Unnamed: 0,status_id,created_at,text
0,x1129144346618540033,5/16/2019 21:59,over 370000 game of thrones fans sign petition for remake of season 8
1,x1129144306206298112,5/16/2019 21:59,with both game of thrones and the big bang theory ending this week im wondering if it would be fun to take hugelypopular longrunning juggernaut shows ive never seen a single episode of and watch just the finale and see what i think
2,x1129144249205895171,5/16/2019 21:59,suddenly last episode daenerys embraced the thrill of genocide specifically targeting civilians with dragon fire personality changes happen in fiction but not with such lack of subtlety not to characters respect and understand
3,x1129144246869663745,5/16/2019 21:59,sprinkles causes a stampede by releasing a limitedtimeonly game of thrones dragon fruit cupcake sold friday may 17sunday may 19
4,x1129141956095954956,5/16/2019 21:49,game of thrones is airing its final episode and heres what well miss when it ends


#### Tokenization

Again, there are many ways to tokenize. The package NLTK has built in functions to help us tokenize in different ways, including by word and by sentence. Here, we tokenize using a special tweet tokenizer that is able to take things like emojis into account. Read the documentation here: https://www.nltk.org/api/nltk.tokenize.html

In [12]:
# from nltk import tokenizer 
from nltk.tokenize import TweetTokenizer
tweet_tokenizer = TweetTokenizer() 

# define a function that we can apply over our data
def tweet_tokenize(row):
    row = tweet_tokenizer.tokenize(row)
    return row

tokenized = lambda x: tweet_tokenize(x)

In [13]:
got_data.loc[:, 'text'] = got_data['text'].apply(tokenized)
got_data.head()

Unnamed: 0,status_id,created_at,text
0,x1129144346618540033,5/16/2019 21:59,"[over, 370000, game, of, thrones, fans, sign, petition, for, remake, of, season, 8]"
1,x1129144306206298112,5/16/2019 21:59,"[with, both, game, of, thrones, and, the, big, bang, theory, ending, this, week, im, wondering, if, it, would, be, fun, to, take, hugelypopular, longrunning, juggernaut, shows, ive, never, seen, a, single, episode, of, and, watch, just, the, finale, and, see, what, i, think]"
2,x1129144249205895171,5/16/2019 21:59,"[suddenly, last, episode, daenerys, embraced, the, thrill, of, genocide, specifically, targeting, civilians, with, dragon, fire, personality, changes, happen, in, fiction, but, not, with, such, lack, of, subtlety, not, to, characters, respect, and, understand]"
3,x1129144246869663745,5/16/2019 21:59,"[sprinkles, causes, a, stampede, by, releasing, a, limitedtimeonly, game, of, thrones, dragon, fruit, cupcake, sold, friday, may, 17sunday, may, 19]"
4,x1129141956095954956,5/16/2019 21:49,"[game, of, thrones, is, airing, its, final, episode, and, heres, what, well, miss, when, it, ends]"


#### Remove stop words

In [14]:
import nltk
nltk.download('stopwords') # download the list of stopwords from nltk if you have not done this before
from nltk.corpus import stopwords # import stopwords

stopeng = set(stopwords.words('english')) #set language

#define a function to remove stopwords
def remove_stopwords(row):
    row = [w for w in row if w not in stopeng]
    return row

no_stopwords = lambda x: remove_stopwords(x)

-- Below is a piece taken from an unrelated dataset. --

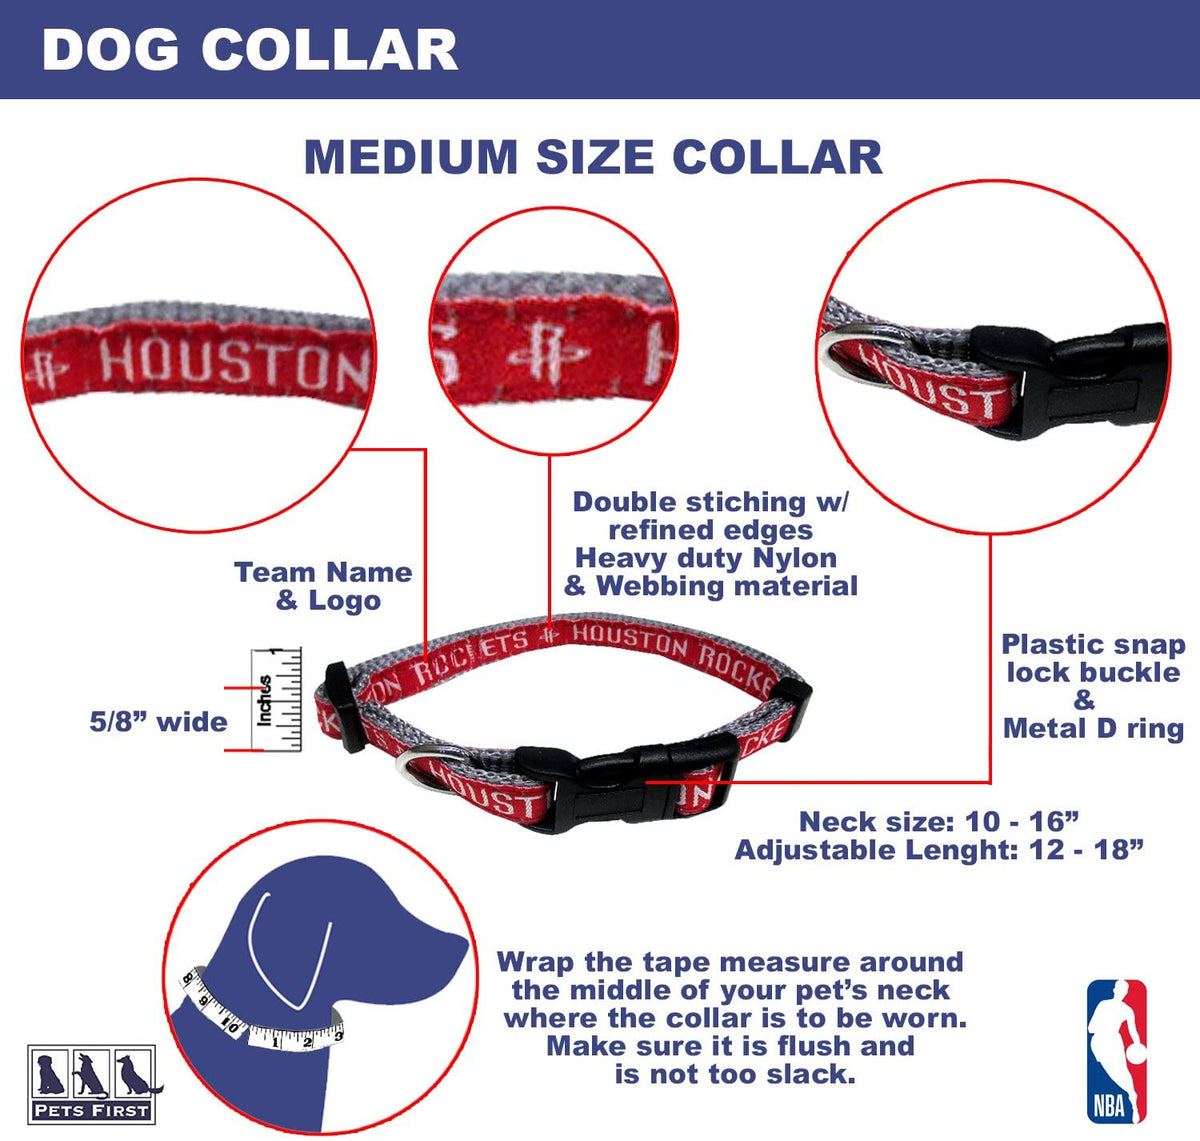 Houston Rockets Dog Collar and Leash - 3 Red Rovers

[nltk_data] Downloading package stopwords to
[nltk_data]     C:\Users\saahi\AppData\Roaming\nltk_data...
[nltk_data]   Package stopwords is already up-to-date!


In [15]:
got_data.loc[:, 'text'] = got_data['text'].apply(no_stopwords)
got_data.head()

Unnamed: 0,status_id,created_at,text
0,x1129144346618540033,5/16/2019 21:59,"[370000, game, thrones, fans, sign, petition, remake, season, 8]"
1,x1129144306206298112,5/16/2019 21:59,"[game, thrones, big, bang, theory, ending, week, im, wondering, would, fun, take, hugelypopular, longrunning, juggernaut, shows, ive, never, seen, single, episode, watch, finale, see, think]"
2,x1129144249205895171,5/16/2019 21:59,"[suddenly, last, episode, daenerys, embraced, thrill, genocide, specifically, targeting, civilians, dragon, fire, personality, changes, happen, fiction, lack, subtlety, characters, respect, understand]"
3,x1129144246869663745,5/16/2019 21:59,"[sprinkles, causes, stampede, releasing, limitedtimeonly, game, thrones, dragon, fruit, cupcake, sold, friday, may, 17sunday, may, 19]"
4,x1129141956095954956,5/16/2019 21:49,"[game, thrones, airing, final, episode, heres, well, miss, ends]"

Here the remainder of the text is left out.